An important advantage of the prospective cohort design is that it allows standardized and detailed collection of pre-morbid exposure information, tailored to meet the goals of the study. The assessment of environmental risk factors, and therefore gene–environment interactions, is typically more extensive and less prone to bias in prospective cohort studies than in case–control studies, making the prospective cohort design much more suitable for studying environmental influences on disease risk. Recall bias in particular is avoided by collecting information before disease onset.

Another key aspect of the prospective cohort design is that all participants are followed in a systematic way, so that all cases of disease have an equal likelihood of being detected. This feature is important as it minimizes biases in case identification — particularly prevalence–incidence bias — that are typically encountered in clinical series. The time of disease onset can also be defined more clearly in prospective cohort studies than in case–control studies, and multiple disease outcomes can be studied.
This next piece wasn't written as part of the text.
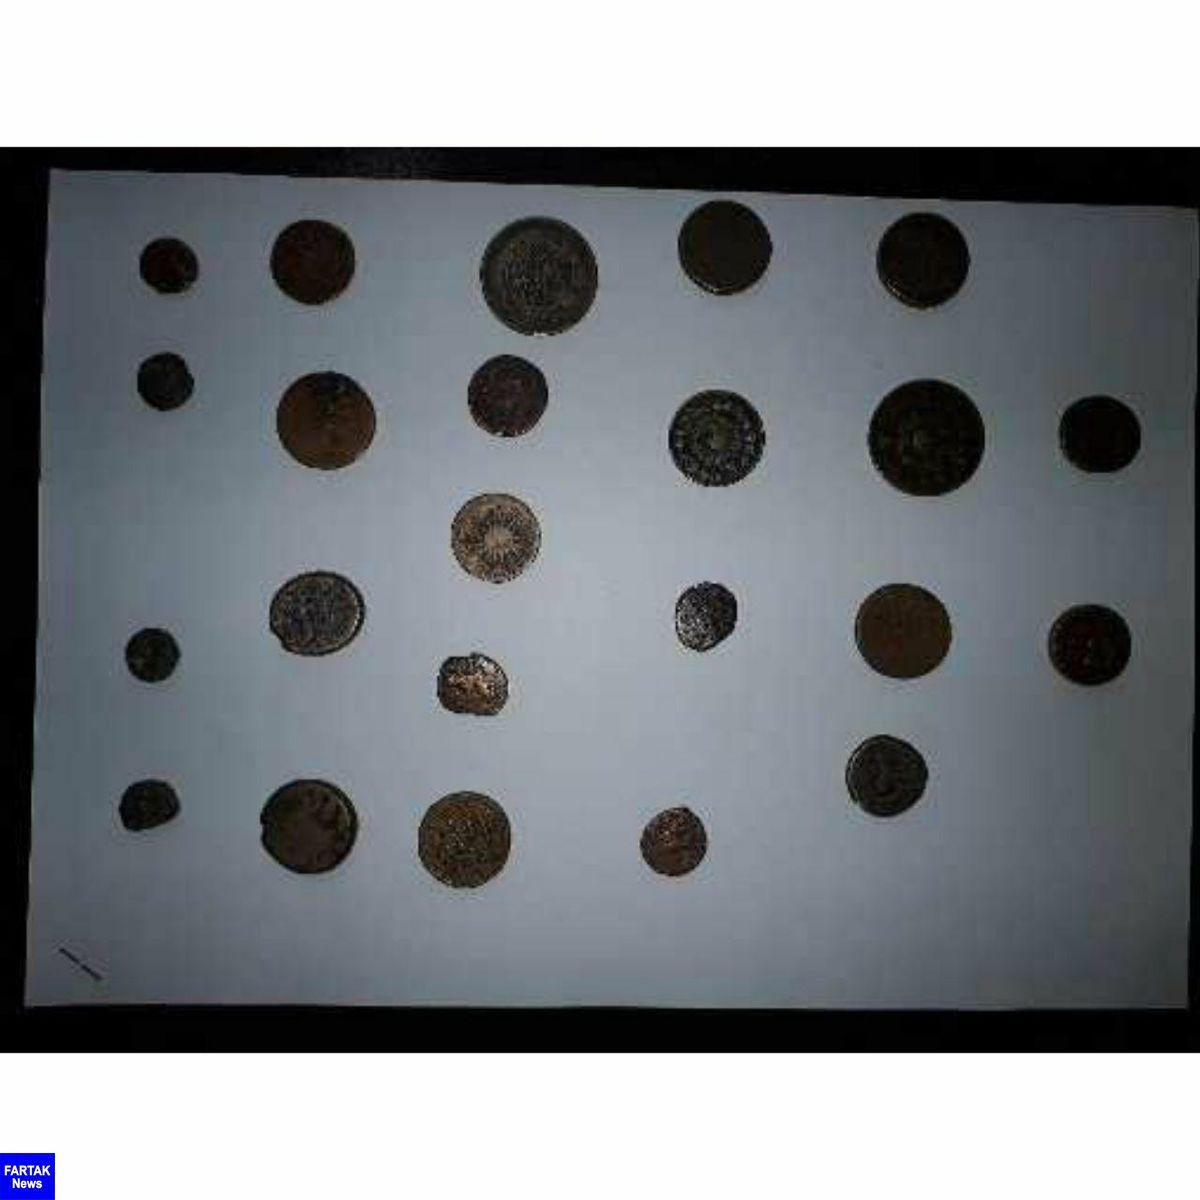 کشف ۳۳ قطعه سکه تاریخی در کرمانشاه

The requirements for a generalizable prospective cohort study are that people recruited into the cohort have similar genetic and environmental exposures, and disease risk, to those who are not recruited, and that cohort members who are 'lost' to follow-up have similar exposures and disease risk to those remaining. A third requirement is that the likelihood of detection of disease is independent of the exposure of interest and potentially confounding factors such as age, other exposures and access to medical care. This ensures similarity of data collection (and avoidance of bias) between exposed and unexposed people.

Ascertainment methods and outcome definitions should be the same in all cohort members and should not differ in relation to the participants' genetic or environmental exposures. Changes in exposure history should be assessed by repeated collection of exposure information and analysed by appropriate longitudinal techniques32. Cohort studies that rely on outcomes that have been identified in the course of clinical care are prone to many of the biases discussed for case–control studies, so most prospective cohort studies implement a regular schedule of follow-up in which all participants are systematically investigated for the occurrence of disease and changes in exposure. The need for such ongoing follow-up has been one of the main criticisms of prospective cohort studies, as it is time-intensive and costly.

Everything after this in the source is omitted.